Hot, dirty winds scorched up the transit tunnels as other clattering trains approached. Zael led Patience up the iron stairs into the dark dripping sinks of Formal J.
It was not a good part of town. So much trash and acid wash had accumulated in the lower sinks, most foot traffic came and went on the higher walkways between the crumbling hab-stacks. They passed a few rowdy bars and dining houses, bright with li
ghts and drunken noise, but for the most part it was a slum city, full of poverty-trapped souls who lingered in the doorways of their ratty habs, or sat on the front steps of stacks, passing around bottles without labels. The street air reeked of acid and urine. It reminded Patience a little of Urbitane, the hive stack on Sameter where she'd grown up. But there had been a spark of urgency there, a sense of life fighting to catch a break amid the squalor. Here, it felt like people had just given up all hope.
They walked for twenty more minutes, into a network of dark lanes and channels between condemned habs. A train rattled past on an elevated rail.
"Here," said Zael, leading her into the ground floor of some kind of community building that had been grossly vandalised. The feral slogans of moody clans were painted on the walls.
"Here?" she queried.
"You saw the sign, right? It said 'surgery'."

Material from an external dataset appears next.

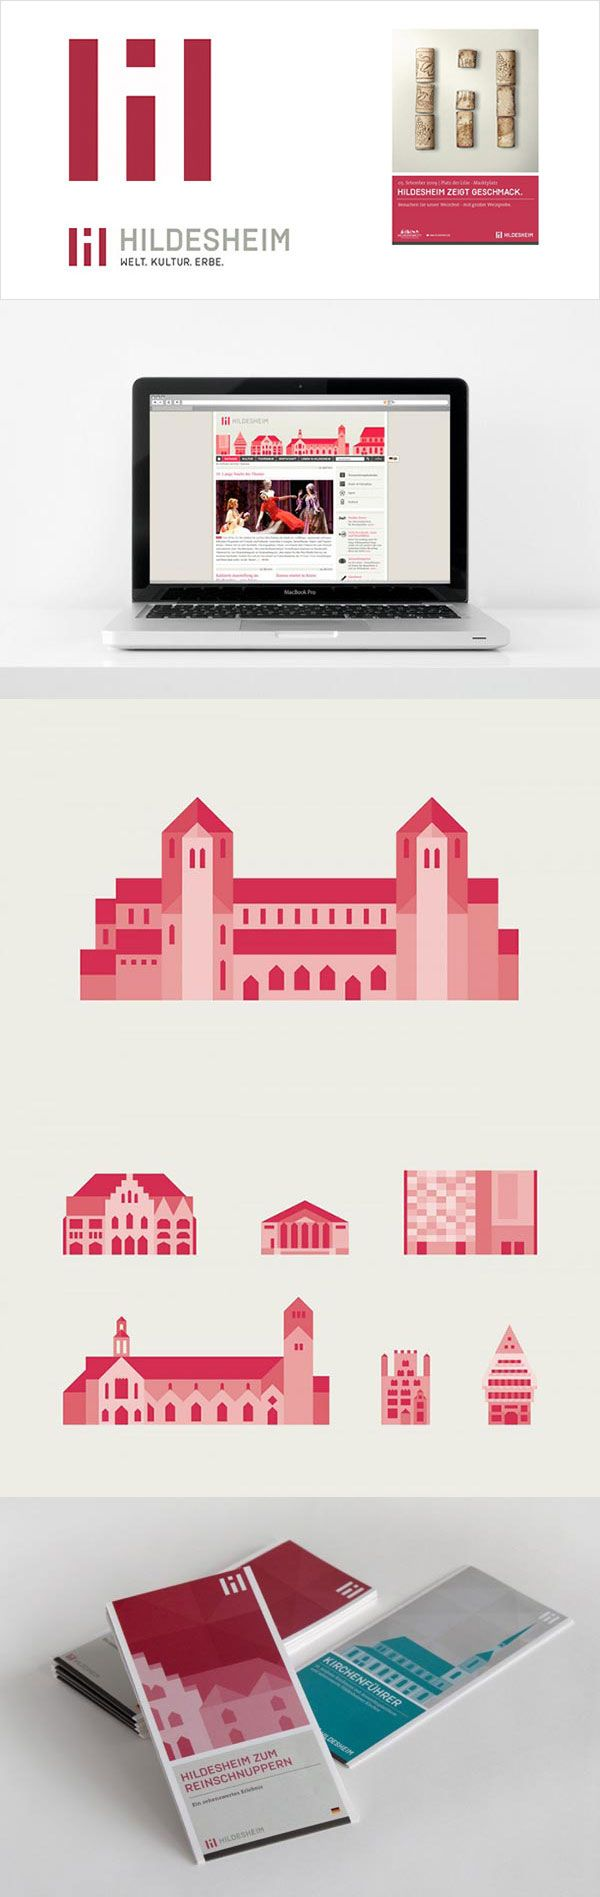 Hildesheim, Germany – logo design and corporate identity ...

"Uh huh. But it appeared to have been handwritten in blood."
They entered a broken-down room where a few people sat around on mismatched chairs. An old man, a far-gone, an emaciated addict with the shakes, a worried-looking habwife with a small child, a young drunk with a nasty cut across his brow.
If this is triage, thought Kys, I can't wait to see the medicae. Some rancid old quack or backstreet abortionist...

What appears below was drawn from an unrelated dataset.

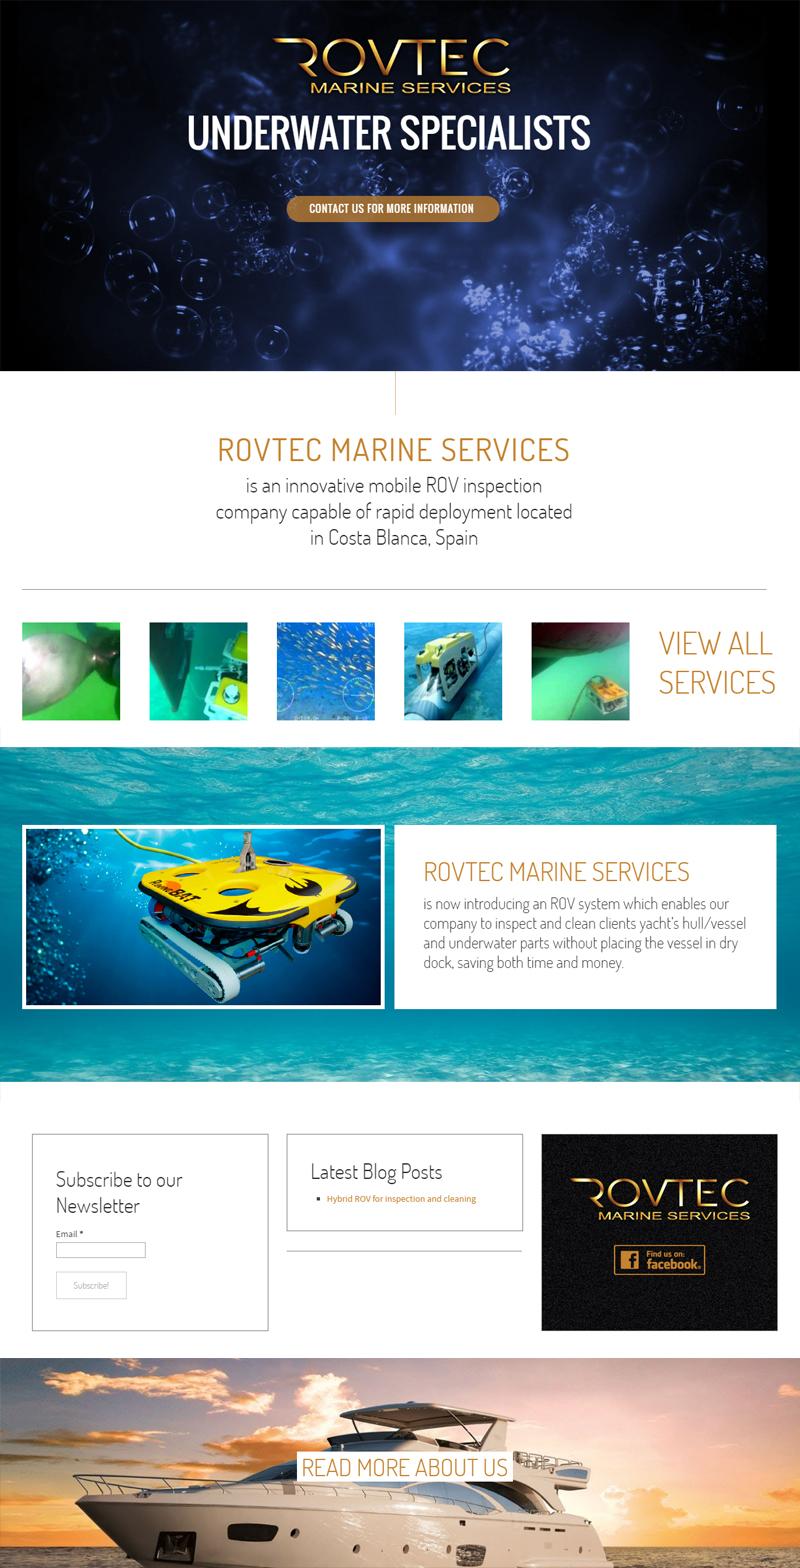 Rovtec Marine Services

Zael led her through an inner door. The Locum was busy. A moody hammer was sitting in an old barber's chair and, by the light of a makeshift lamp, the Locum was stitching up the twenty centimetre gash across his shoulder. A blade wound, Kys was quite sure.
The room itself was surprisingly tidy, though nothing in it was new. There were a few pieces of medical equipment, tools thrust into a jar of anti-bact gel in a vague nod to sterility.
The Locum had his back to them as he worked. He was of medium build, slim and wiry. His hair was light brown, and he was wearing heavy lace-up boots, black combat baggies, a black vest and surgical gloves.
"Get in line," he called. "I'll get to everyone in turn."
"Hey," said Zael.
"Didn't you hear me?" the Locum said and turned. Kys saw his face. Strong, calm, rather lined and care-drawn.